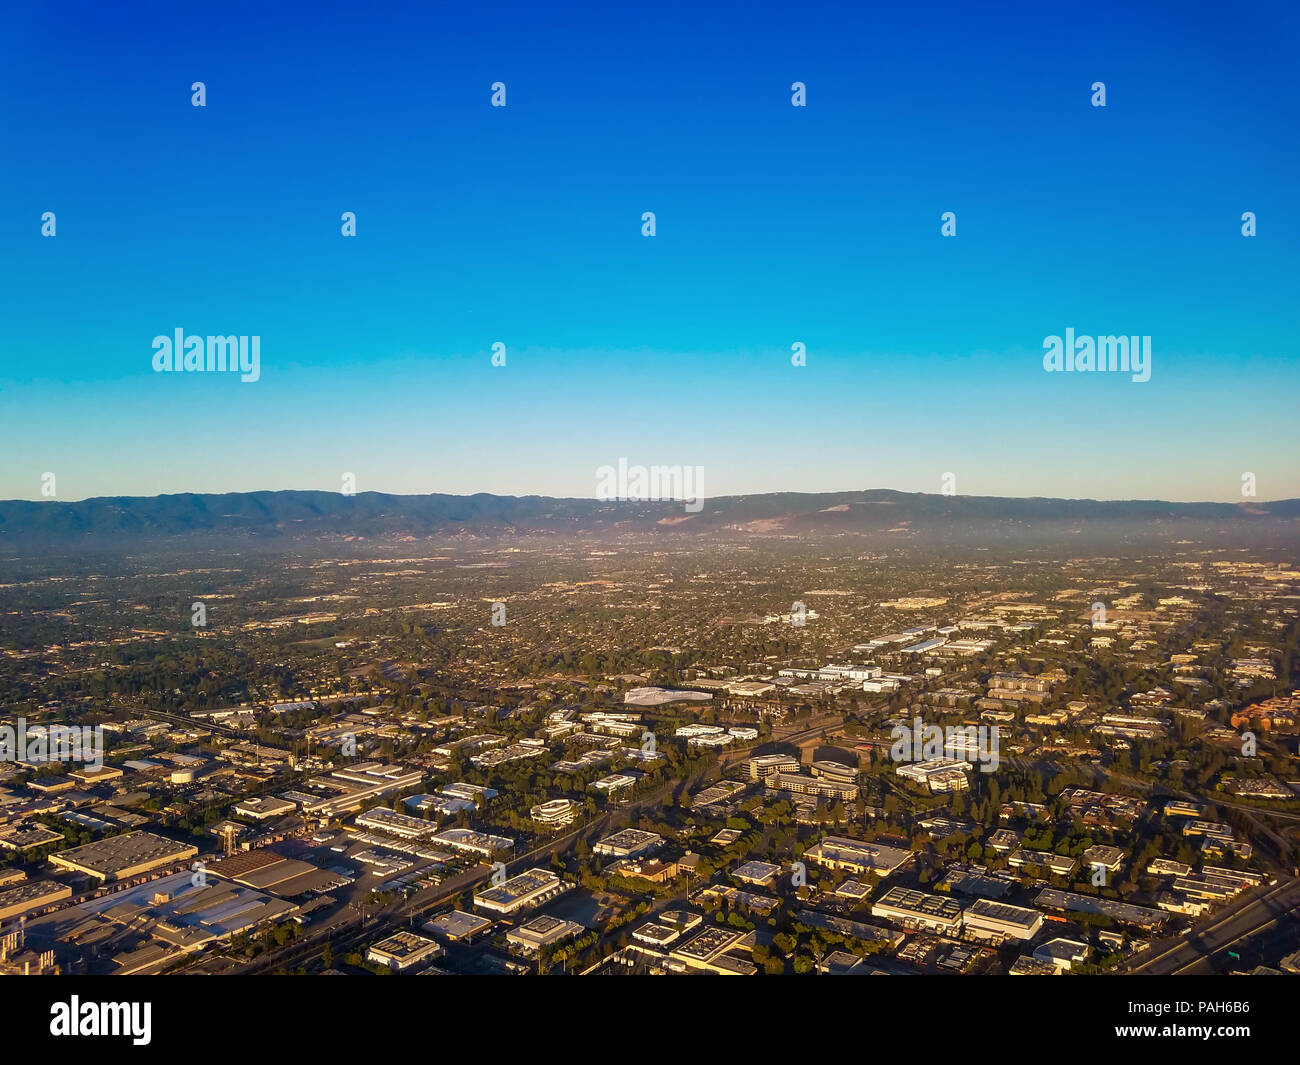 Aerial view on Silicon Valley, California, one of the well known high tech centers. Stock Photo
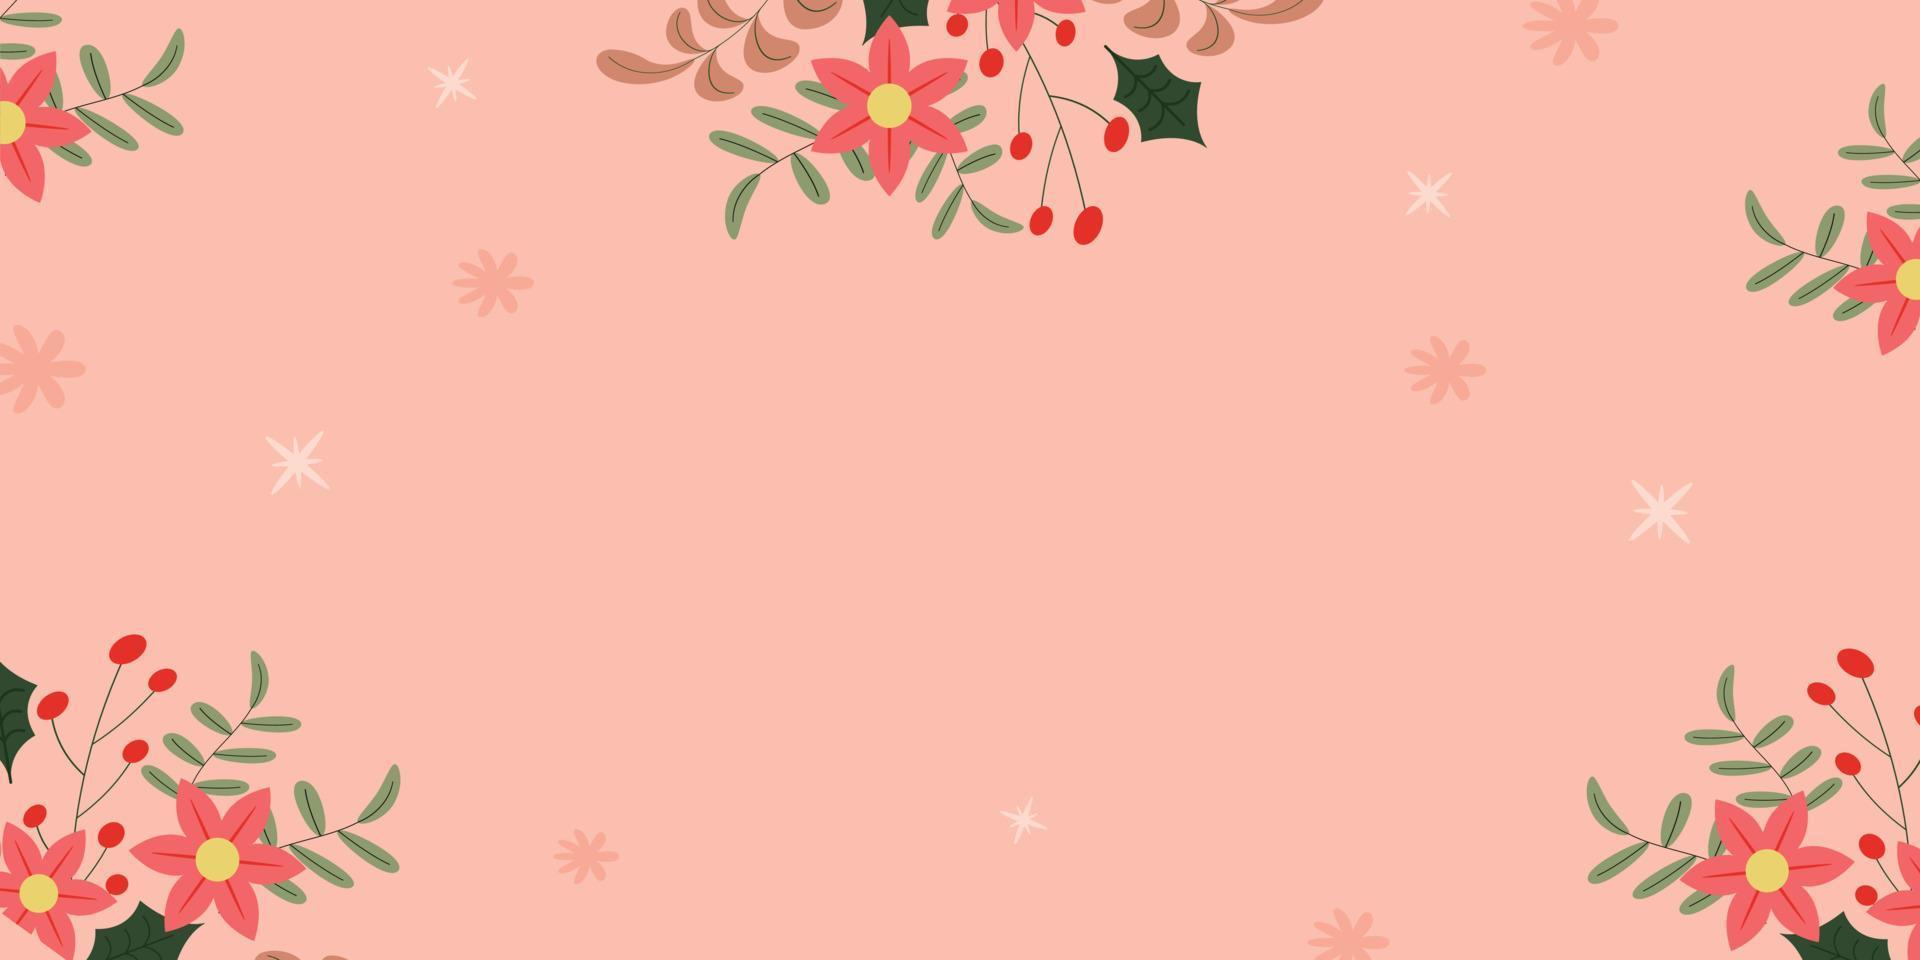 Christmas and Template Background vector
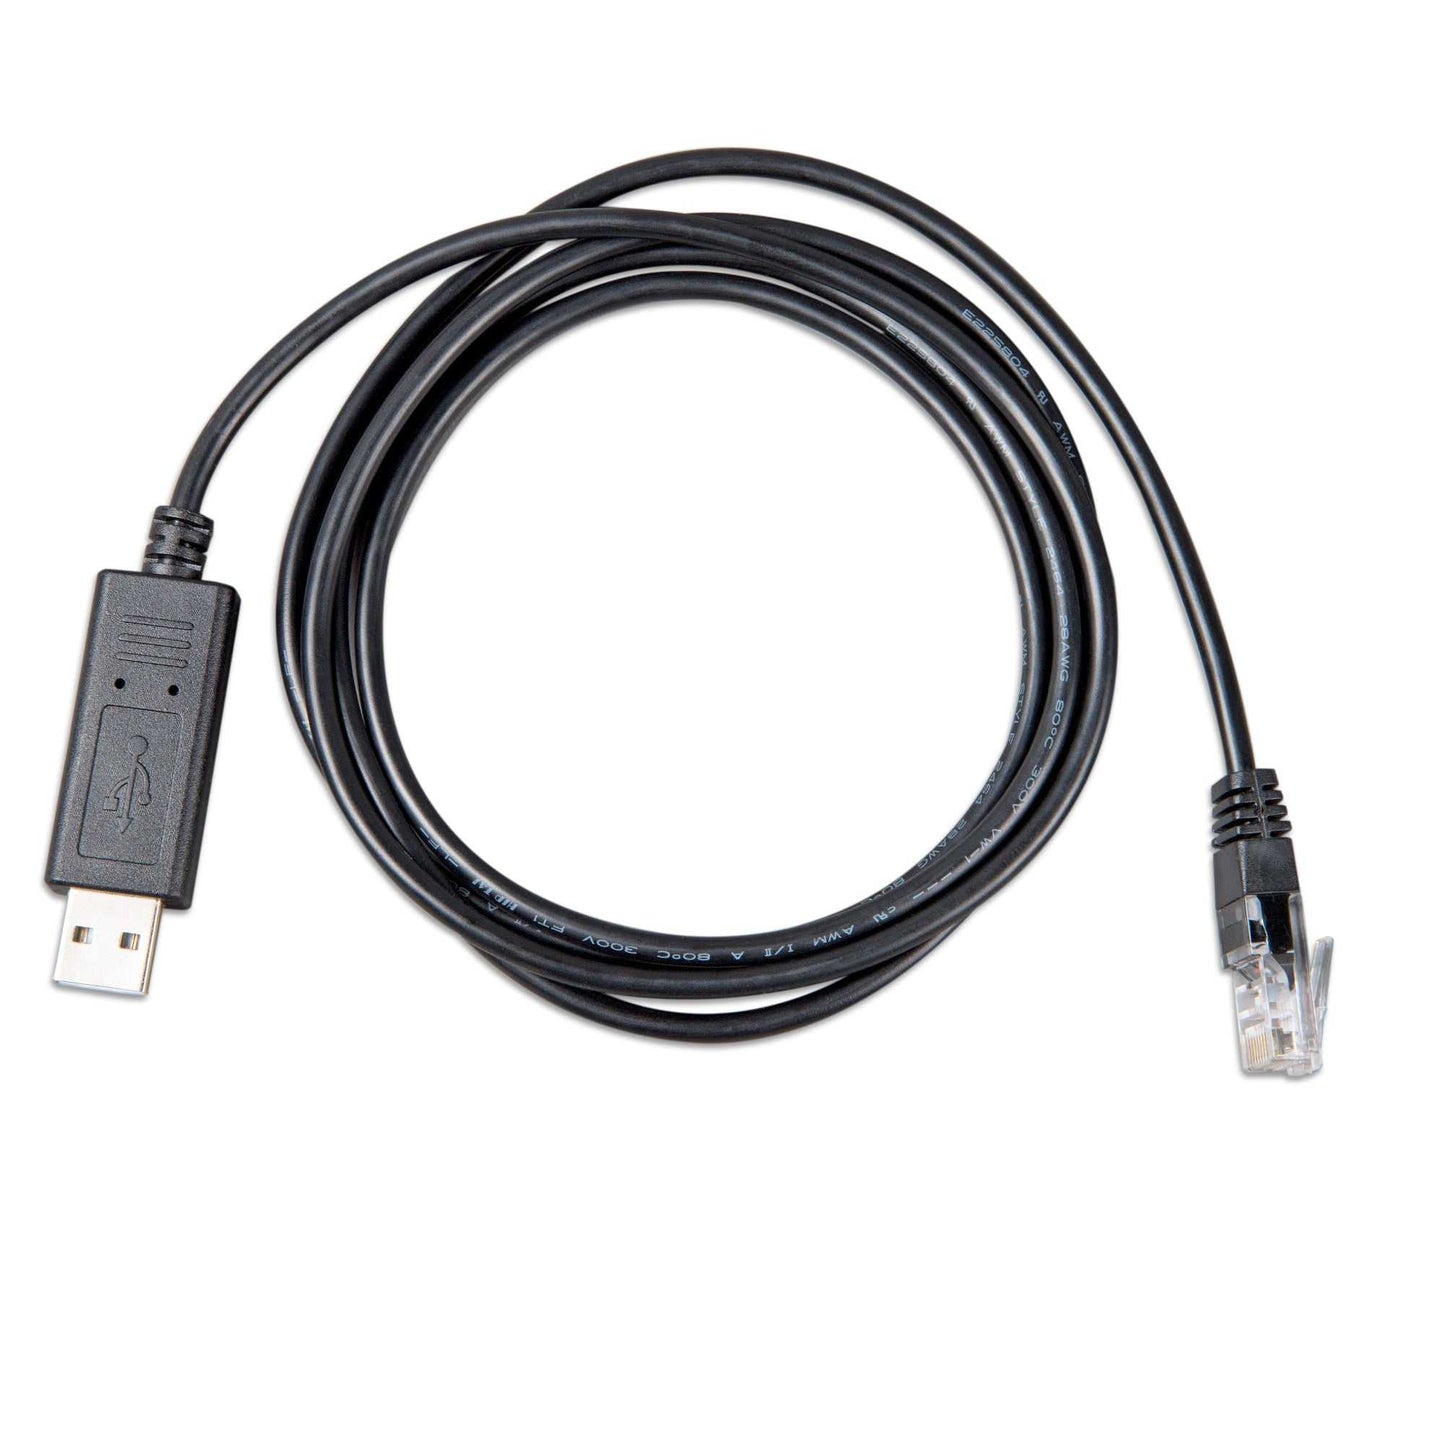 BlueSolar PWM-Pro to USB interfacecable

+--

> Exercise description: Your copy should match the data exactly, apart from the images, which are dropped.

> Output below:
 Aerial view on Silicon Valley, California, one of the well known high tech centers. Stock Photo
 Christmas and Template Background vector
 BlueSolar PWM-Pro to USB interfacecable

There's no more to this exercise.